WHAT YOU SHOULD DO: Give back, exactly as written, the lines from the first line of the data below through the line with "vighnaharta set of", and omit the pictures.

EXERCISE DATA:
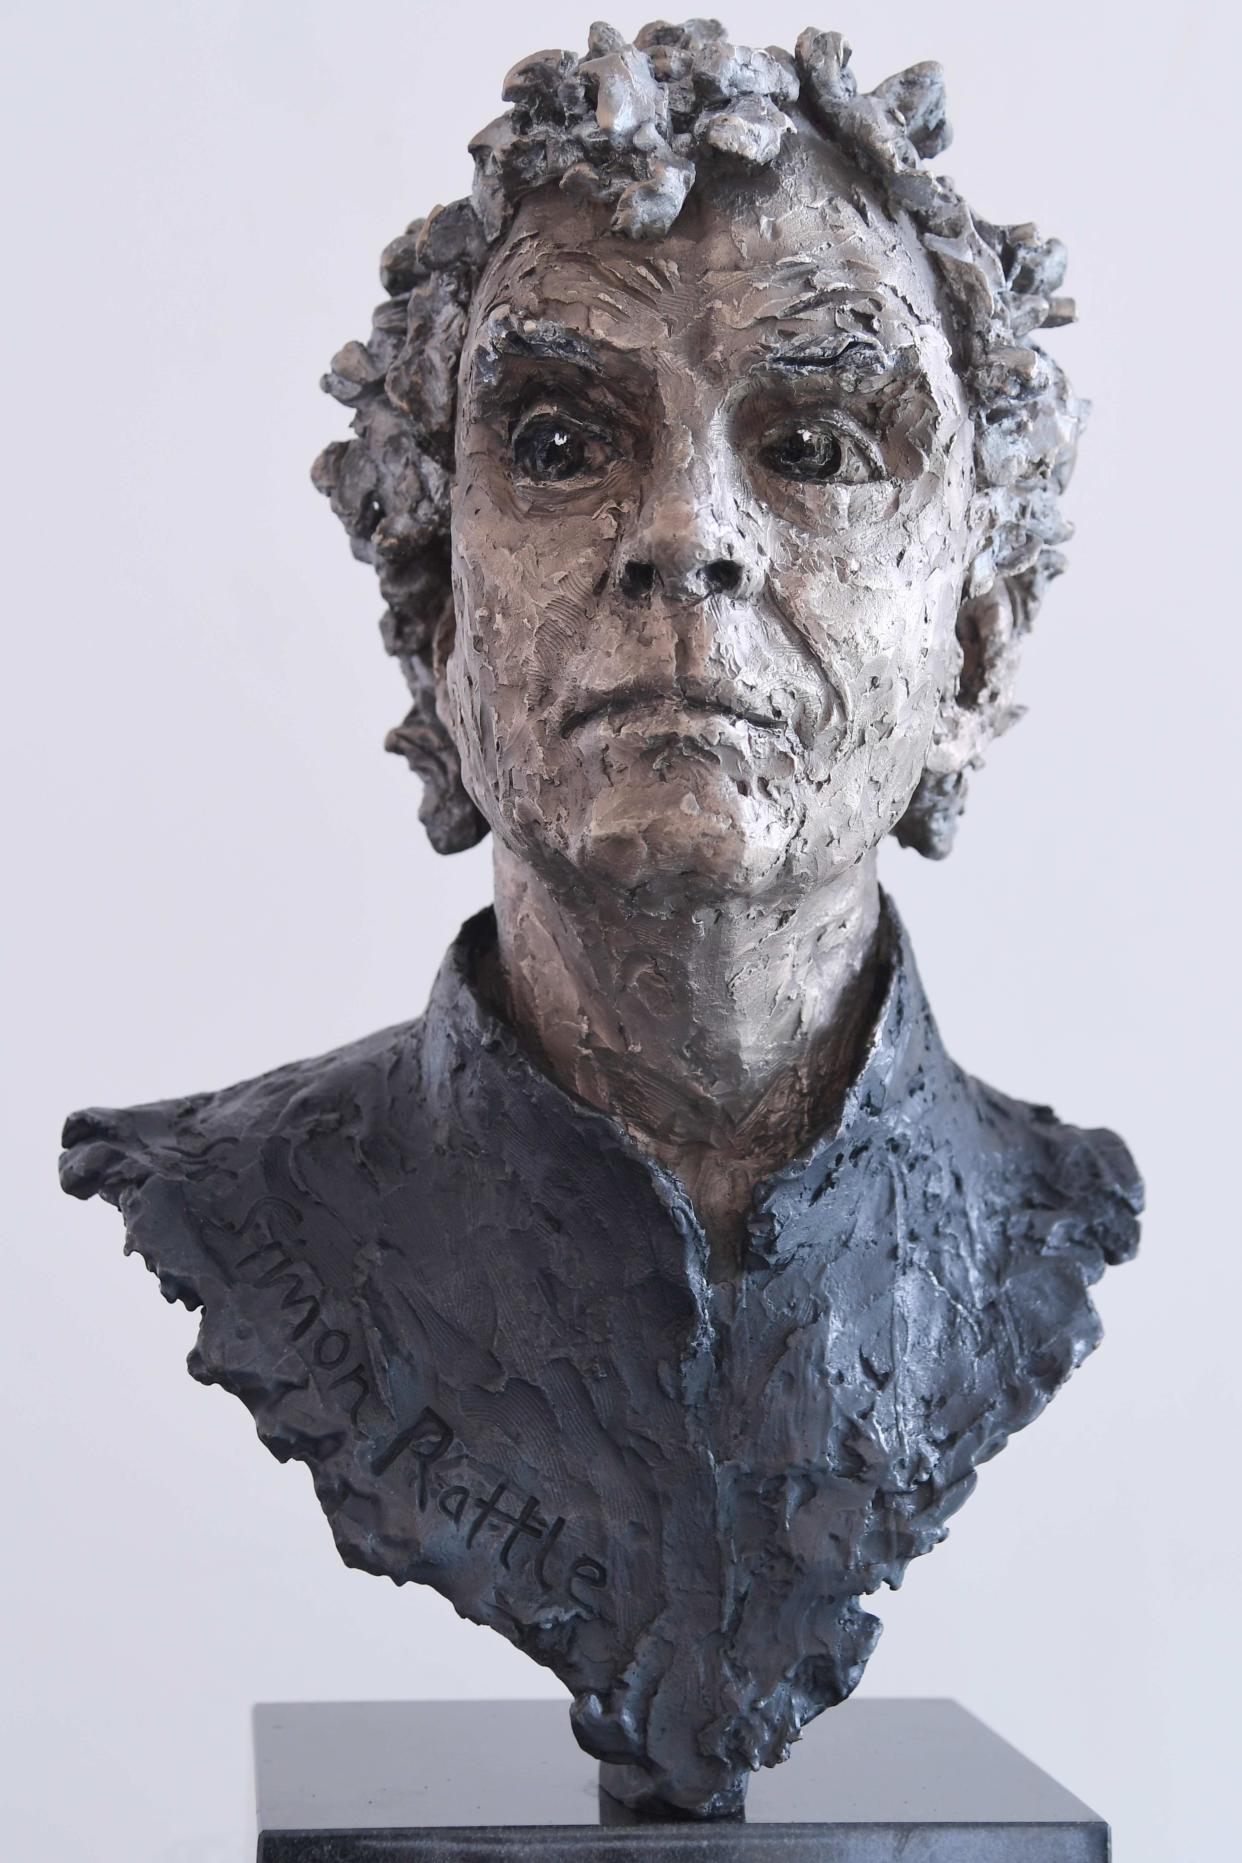 The sculpture will be unveiled on June 15 before Sir Simon conducts his final concert as the London Symphony Orchestra’s (LSO) music director (Sophie Dunne/PA)
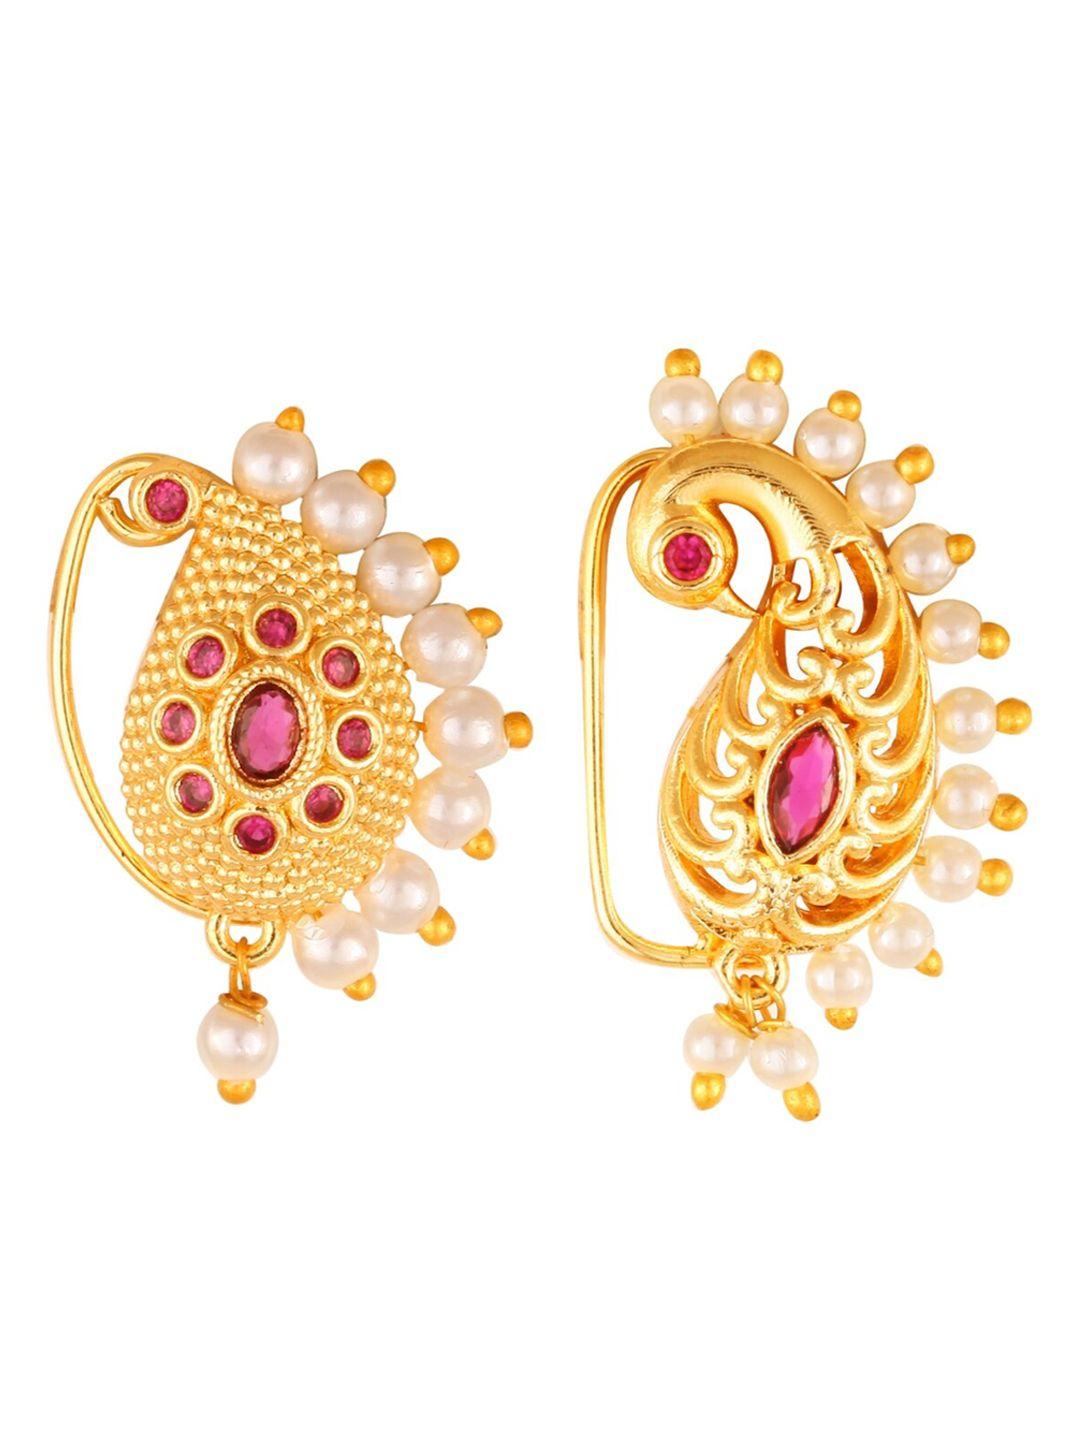 vighnaharta set of 2 gold-plated stone studded & pearl beaded nosepins
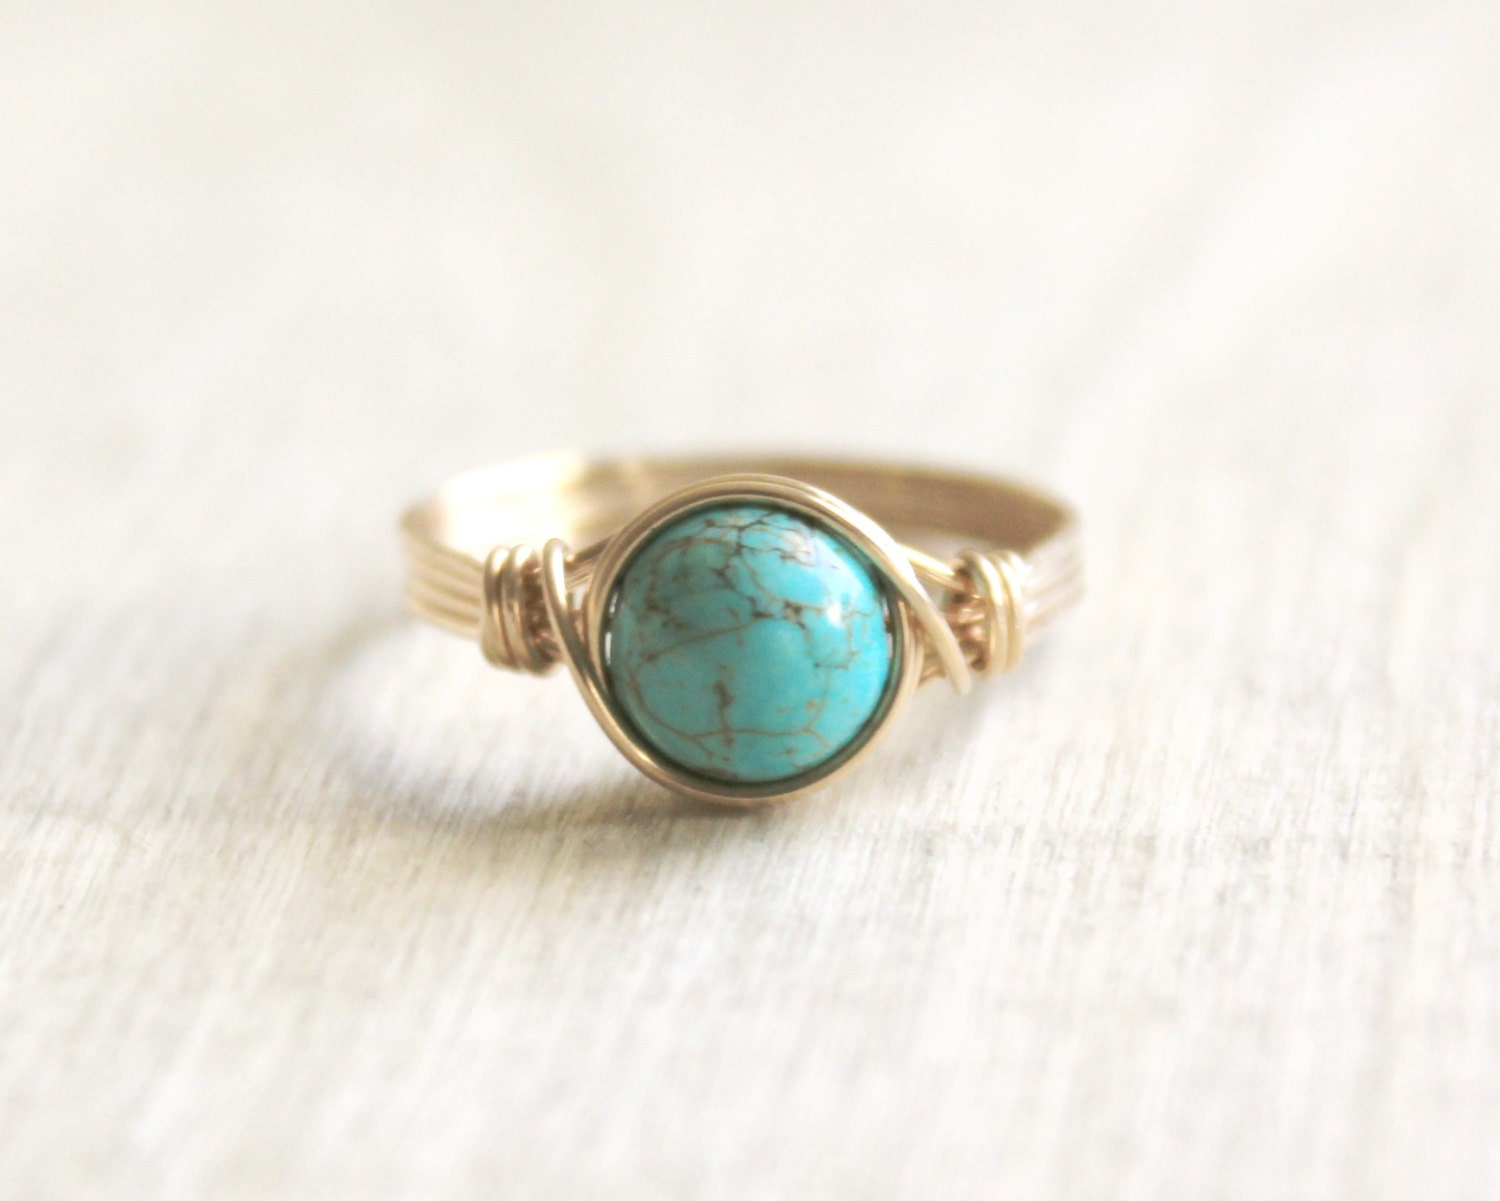 Turquoise Ring 14k Gold Filled Turquoise Wire Wrapped Ring

OUTPUT FOR THIS EXERCISE:
 The sculpture will be unveiled on June 15 before Sir Simon conducts his final concert as the London Symphony Orchestra’s (LSO) music director (Sophie Dunne/PA)
 vighnaharta set of 2 gold-plated stone studded & pearl beaded nosepins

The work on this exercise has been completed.